Spain’s new mainstream bets are often PG-13. The difference between “Julia’s Eyes” and “PX3D,” says the films’producer, Rodar’s Joaquin Padro, is that the audience for “Eyes” was broader while “PX3D” is targeted specifically for the hard-core 14-30s audience that wants a shock.
Most of these pics also borrow heavily from U.S. pics: “Opposite” is “very American in the way it’s told but very Spanish in its dialogue,” says Zeta producer Francisco Ramos.
Spain’s mainstream movies bring new issues to the table.
“Facing off with other leisure options and Hollywood fare for mass youth auds, pics’ prints and advertising — how much? who pays?, what splits? — and adequate TV campaigns become crucial,” says Ikiru’s Edmon Roch.

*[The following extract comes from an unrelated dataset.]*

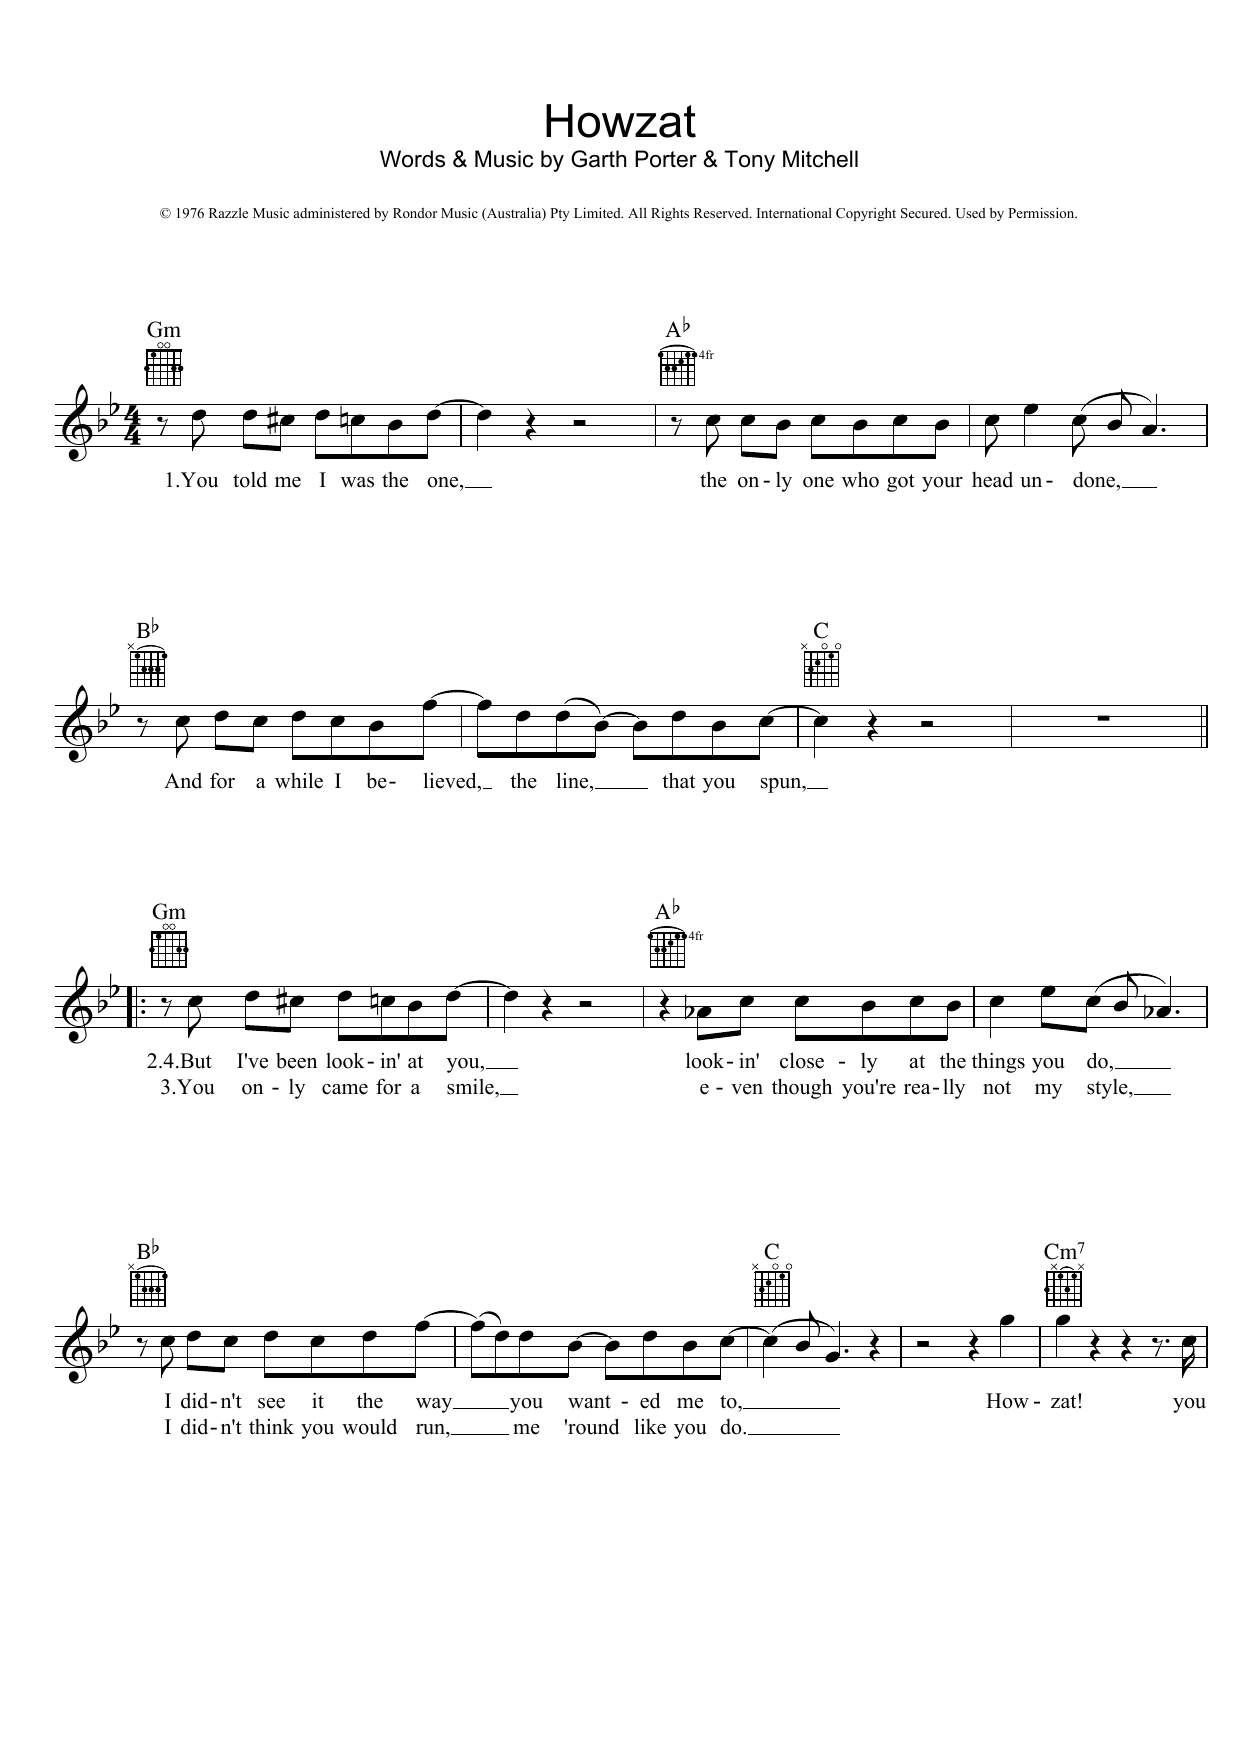 Sherbet Howzat Sheet Music Notes & Chords for Melody Line, Lyrics & Chords - Download or Print PDF

Spain’s mainstream makeover isn’t its only production trend.
Its film industry faces multiple uncertainties, says Mod’s Simon de Santiago, as there is fear that broadcasters’ investment quotas will be reduced still more, while the biz waits on assessing the impact of public funding cuts of Spain’s Film Institute’s subsidy fund.
“The international market hasn’t recovered from its 2008 collapse, and Spain suffers colossal piracy,” Barrois says. “Smart producers are considering smaller projects. It’s extremely difficult and risky to finance films above $6.5 million-$8.5 million.”
For De Santiago, “You have to be very clear about what reduced financing sources will still finance or the market absorb, or go to the international market to finance.”
Some business models look set to survive. One is smart genre: Some of Spain’s hottest Cannes sales tickets — “The Path,” co-written by Juan Carlos Fresnadillo, Gonzalo Lopez Gallego’s “Inertia,” Nacho Vigalondo’s “Extraterrestrial” — graft auteur sensibility and character sense onto horror or sci-fi tropes.
A handful of producers — Versus, Mod, Apaches, Roxbury, Rodar, Ikiru/El Toro — are packaging more ambitious English-language projects with studios or U.S. or Euro mini-majors.
In budgets, stars, pre-sales and financiers, the productions — Fresnadillo’s UPI-backed “Intruders,” with Clive Owen; Rodrigo Cortes’ Parlay Films-repped “Red Lights,” toplining Robert De Niro and Sigourney Weaver; Juan Antonio Bayona’s Ewan McGregor/Naomi Watts starrer, “The Impossible,” sold by Summit — clearly escape Spanish parameters.
High-profile auteurs — think Pedro Almodovar, Juan Jose Campanella — still sell out worldwide but smaller straight-arrow art pic dramas “can now only be made with public subsidies and on low budgets,” Matamoros says.
That presents Spanish cinema with a formidable challenge. Since the ’60s, its upscale cinema formed part of a national debate on freedom, justice, corruption, and modernity. Films still tackle such themes but now often boast stars, action-thriller formats, an international canvas and high production values.
Some — “Cell 211” ($18.9 million B.O. in Spain), “Even the Rain” ($5.5 million) — have proved successful.
How the Spanish cinema squares its historical and industrial ambitions will in part decide its future.